Par ordonnance de mesures provisionnelles du 28 septembre 2006, le président a dit que le blocage du montant de 259'700 fr. correspondant au prix de vente du 49 % des actions de la société E.________ SA ainsi que le blocage du 51 % des actions restantes de la société précitée étaient maintenus en mains du notaire Eric Châtelain, chargé de la liquidation du régime matrimonial. Le dépôt de ces actions auprès du notaire avait été ordonné par ordonnance de mesures préprovisionnelles du 3 avril 2006.

Par ordonnance de mesures provisionnelles du 11 avril 2007, le président a notamment rejeté la requête de A.________ tendant à ce qu’il soit d’ores et déjà autorisé à reprendre les 300 actions au porteur de la société E.________ SA et, subsidiairement, à ce qu’il soit autorisé à exercer tous les droits liés à ces actions. Le président a rejeté également sa conclusion tendant à la reprise du 51 % du capital-actions de cette société et, subsidiairement, à ce qu’il soit autorisé à exercer les droits liés à la détention du 51 % du capital-actions de cette société, la somme versée en contrepartie du 49 % du capital-actions acquis par M. [...] subsistant chez le notaire Châtelain.

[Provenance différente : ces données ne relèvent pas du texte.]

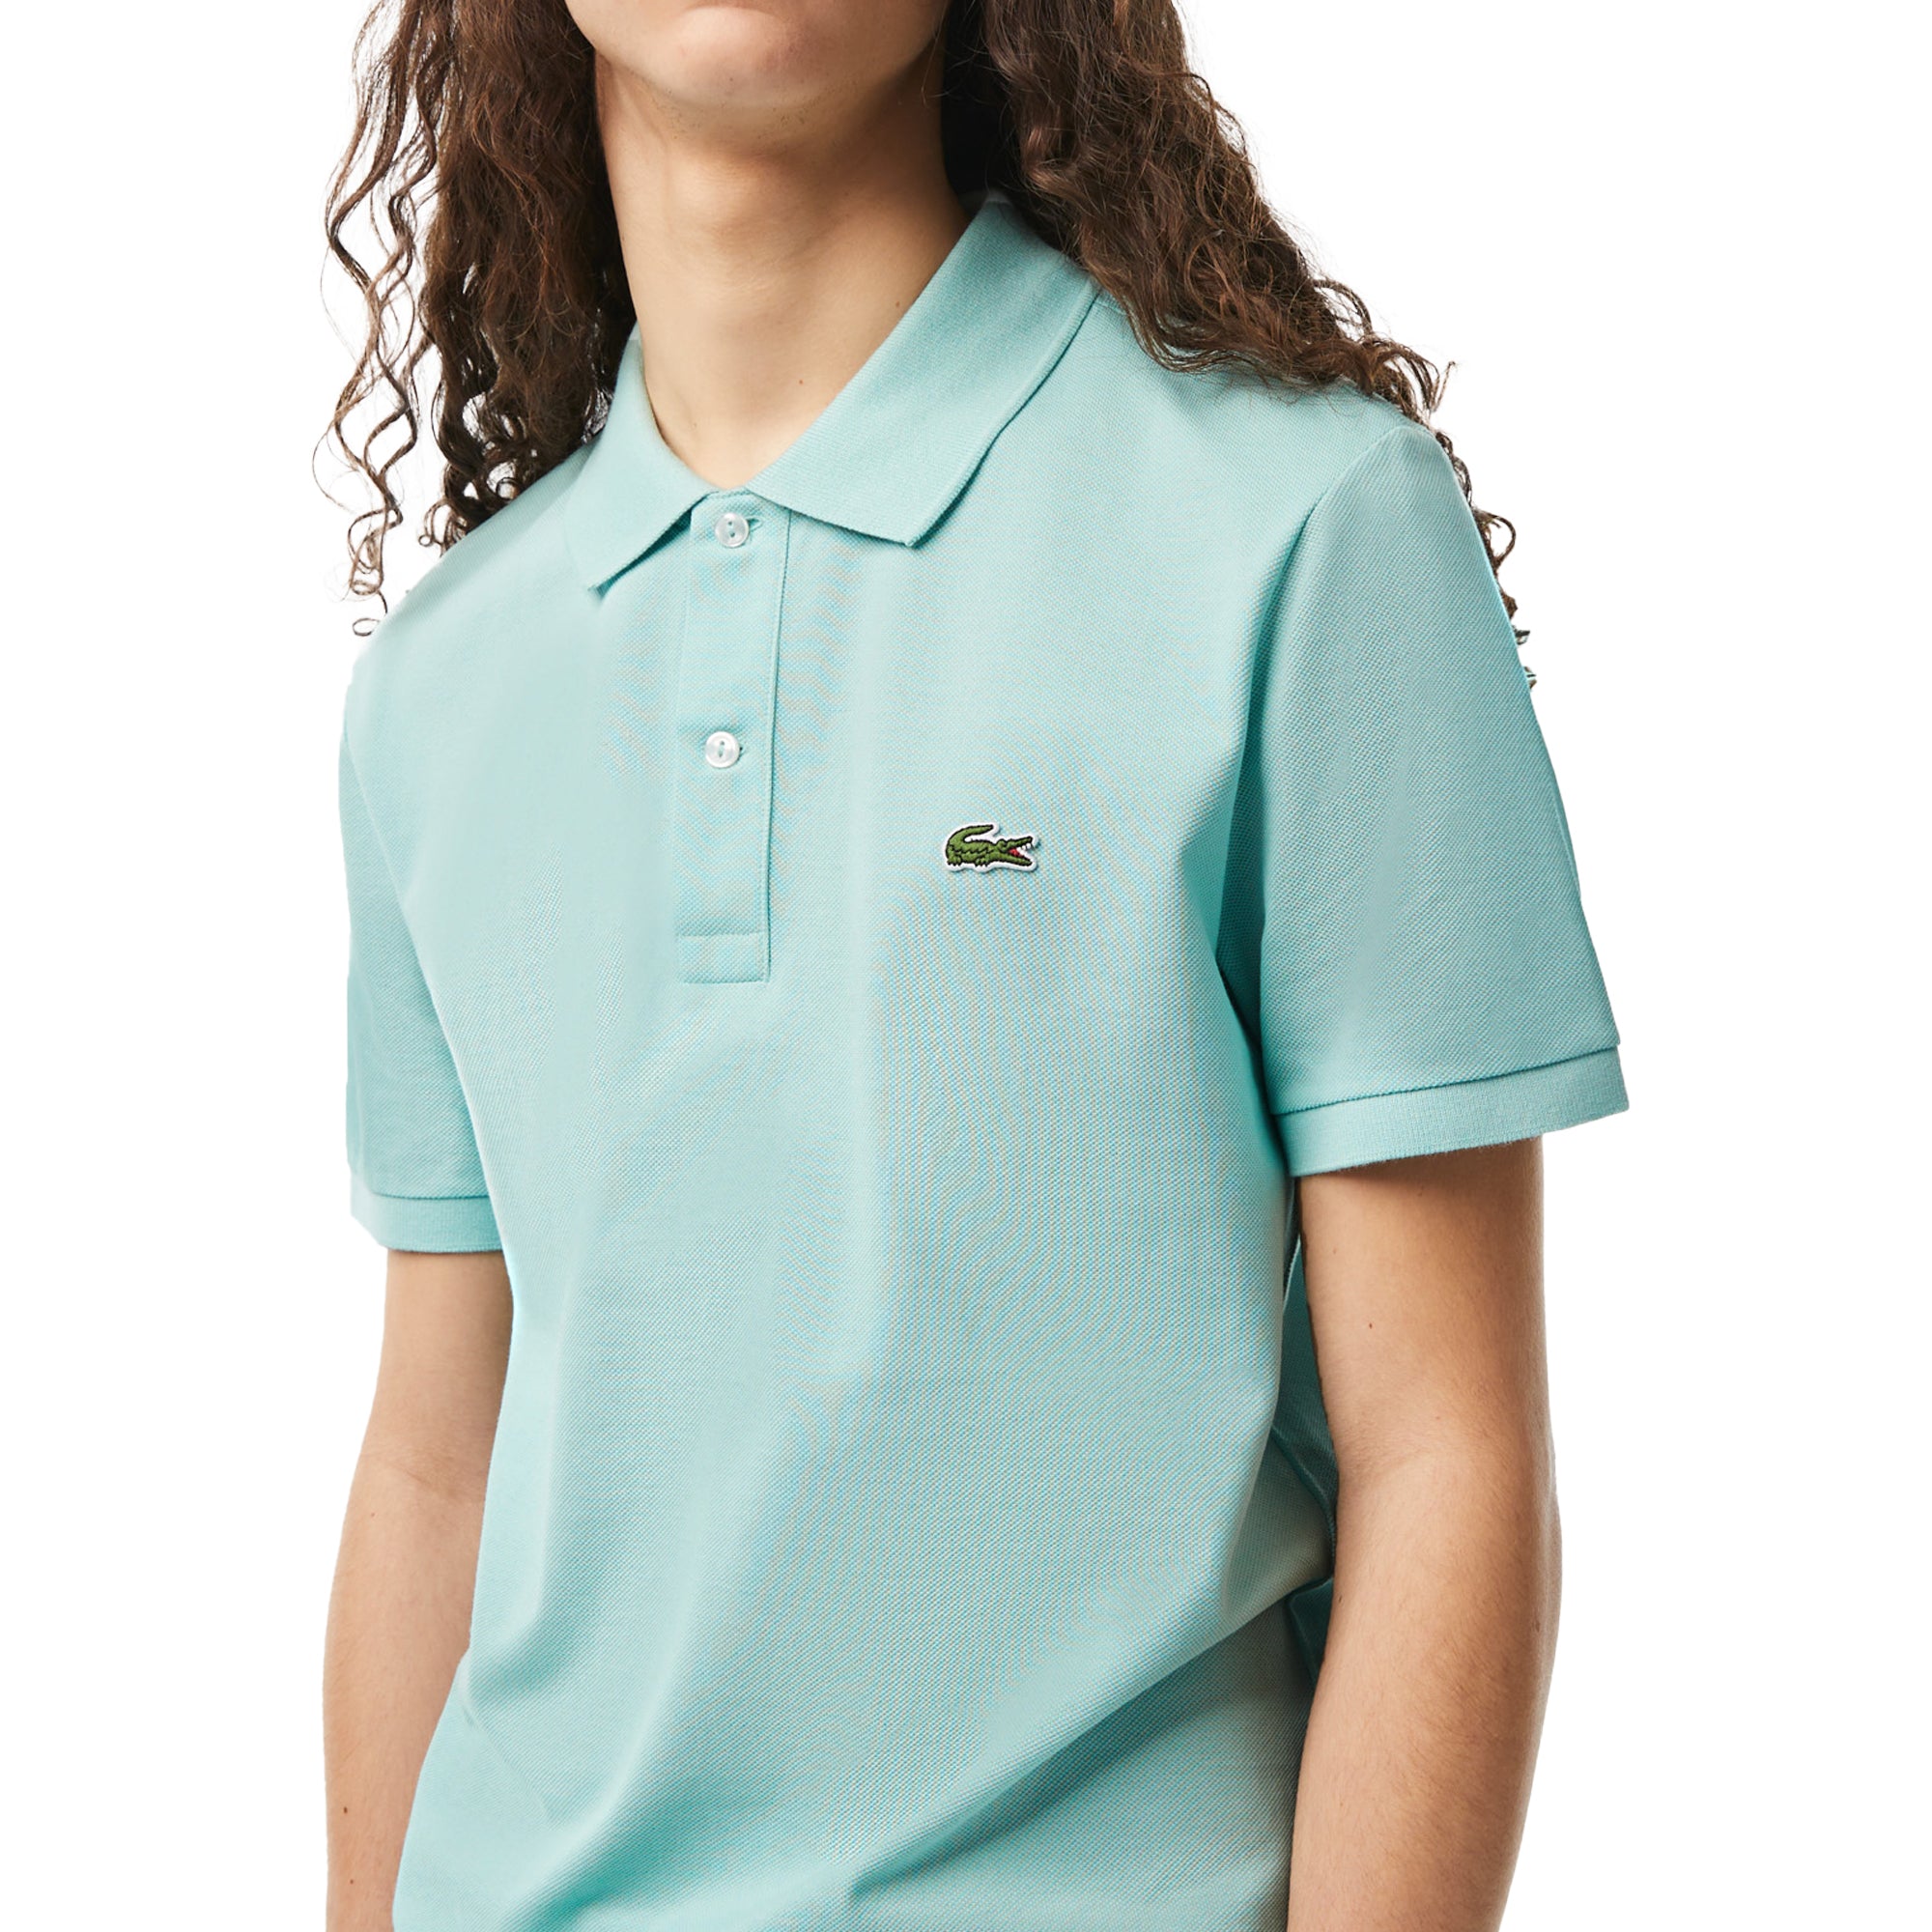 Lacoste Short Sleeved Slim Fit Polo PH4012 - Pastille Mint

Le 29 octobre 2008, les parties et X.________ ont conclu une convention de vente portant sur des actions de la société E.________ SA ; par courrier du 25 novembre 2008, A.________ a fait savoir à X.________ qu’il invalidait la convention pour erreur essentielle.

cc) L’audience de jugement a eu lieu le 10 février 2011. A cette occasion, les parties ont tenté de régler conventionnellement les effets civils de leur divorce, en vain ; les parties sont alors convenues de suspendre l’audience en vue de nouvelles négociations.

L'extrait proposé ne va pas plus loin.